Aquapoint, a New Bedford, Mass., environmental company specializing in distributed wastewater treatment, was selected to provide the treatment system for NASA’s Leadership in Energy and Environmental Design (LEED)-certified Infinity Science Center in southern Mississippi.
LEED is the U.S. Building Council’s standard for developing high-performance sustainable buildings efficient in their usage of energy, water and other resources.
“This is a new industry,” Aquapoint’s CEO, Craig Lindell, said. “Wastewater management is no longer simply about the disposal of pollution to preserve public health. Wastewater is now a resource and its infrastructure will now be designed to achieve integrated water resource and watershed management. Wastewater will be treated to standards that enable us to recycle and reuse it to support our communities and the natural systems on which they depend and then to the extent possible, return it to the source from which it came.”
Illustrating how water and energy are interrelated, Lindell described a 100-home community in El Paso, Texas.
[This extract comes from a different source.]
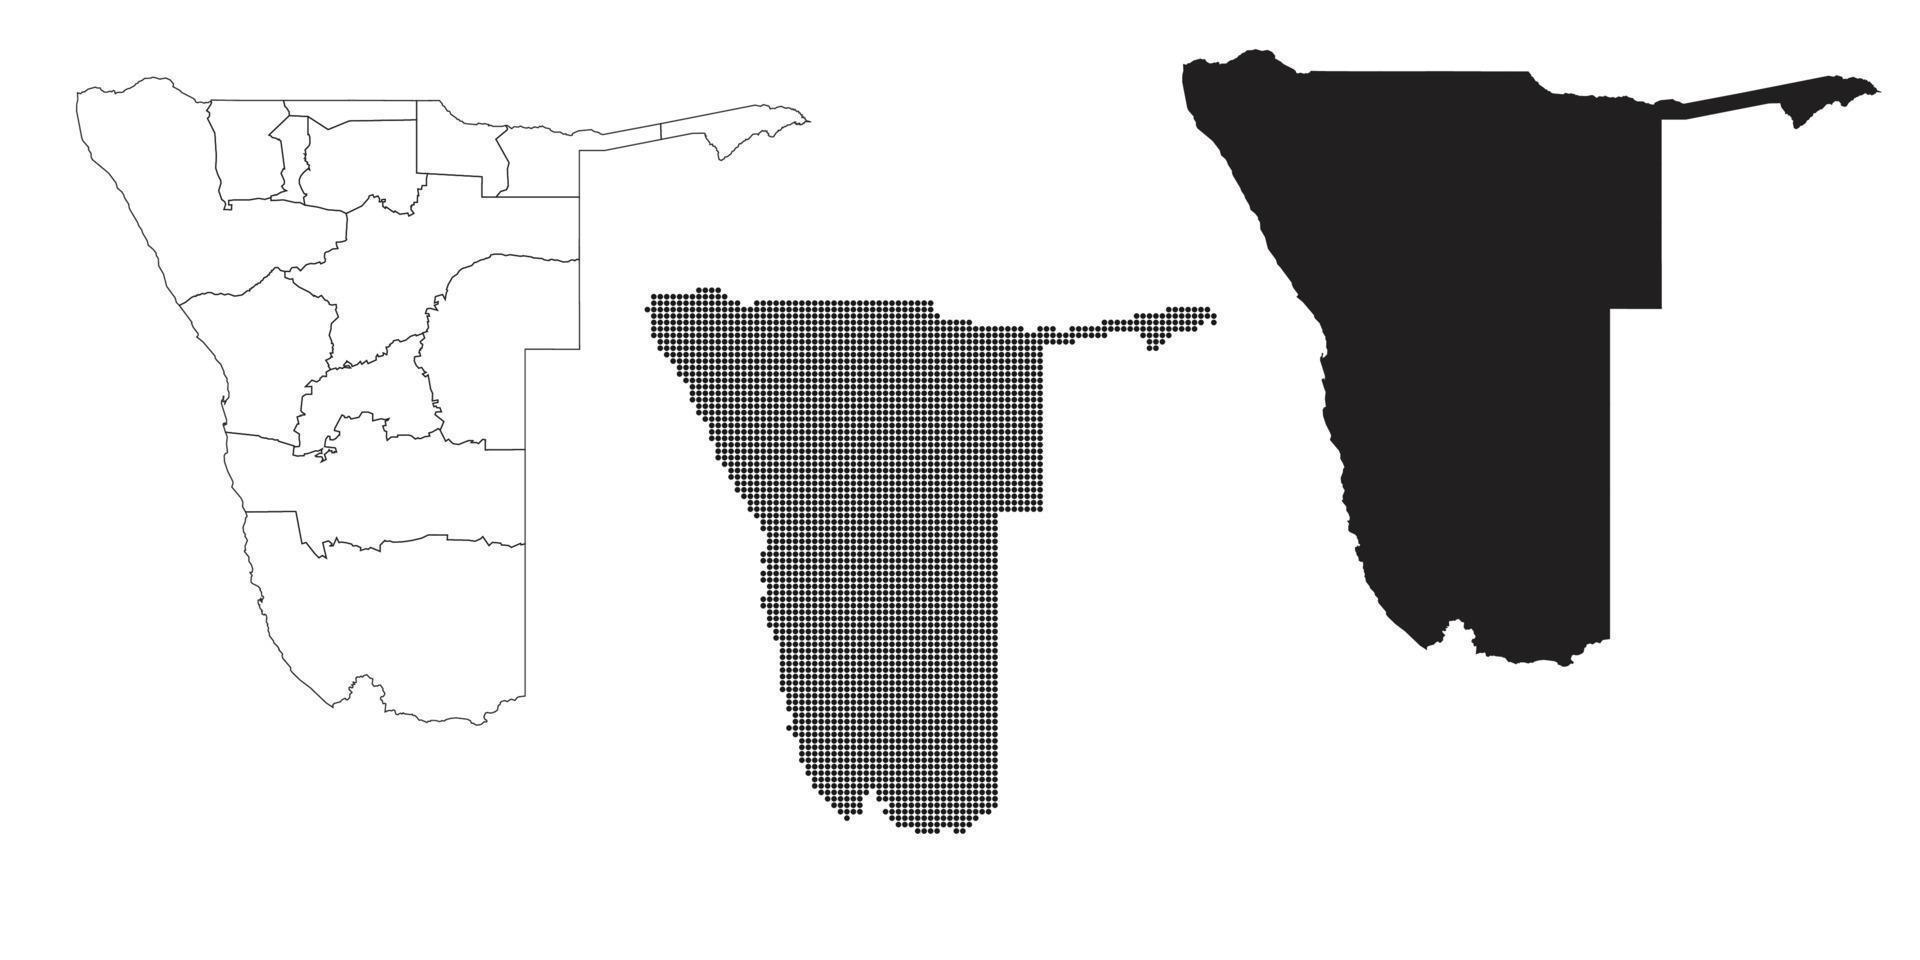 mapa da namíbia isolado em um fundo branco. vetor

The development will receive its electricity exclusively from solar and hydrogen fuel cell technologies. The wastewater will be treated to Texas reuse standards. Twenty-seven percent will be recycled for toilet flushing and 70% will be reused for irrigation.
The German energy company Green Flash Energy chose Aquapoint’s Bioclere because it operates reliably on very little electricity. Green Flash Energy estimates the average home will spend about $40 dollars per year for its share of the electrical costs while it will save almost twice that amount in the reduction of its water bill.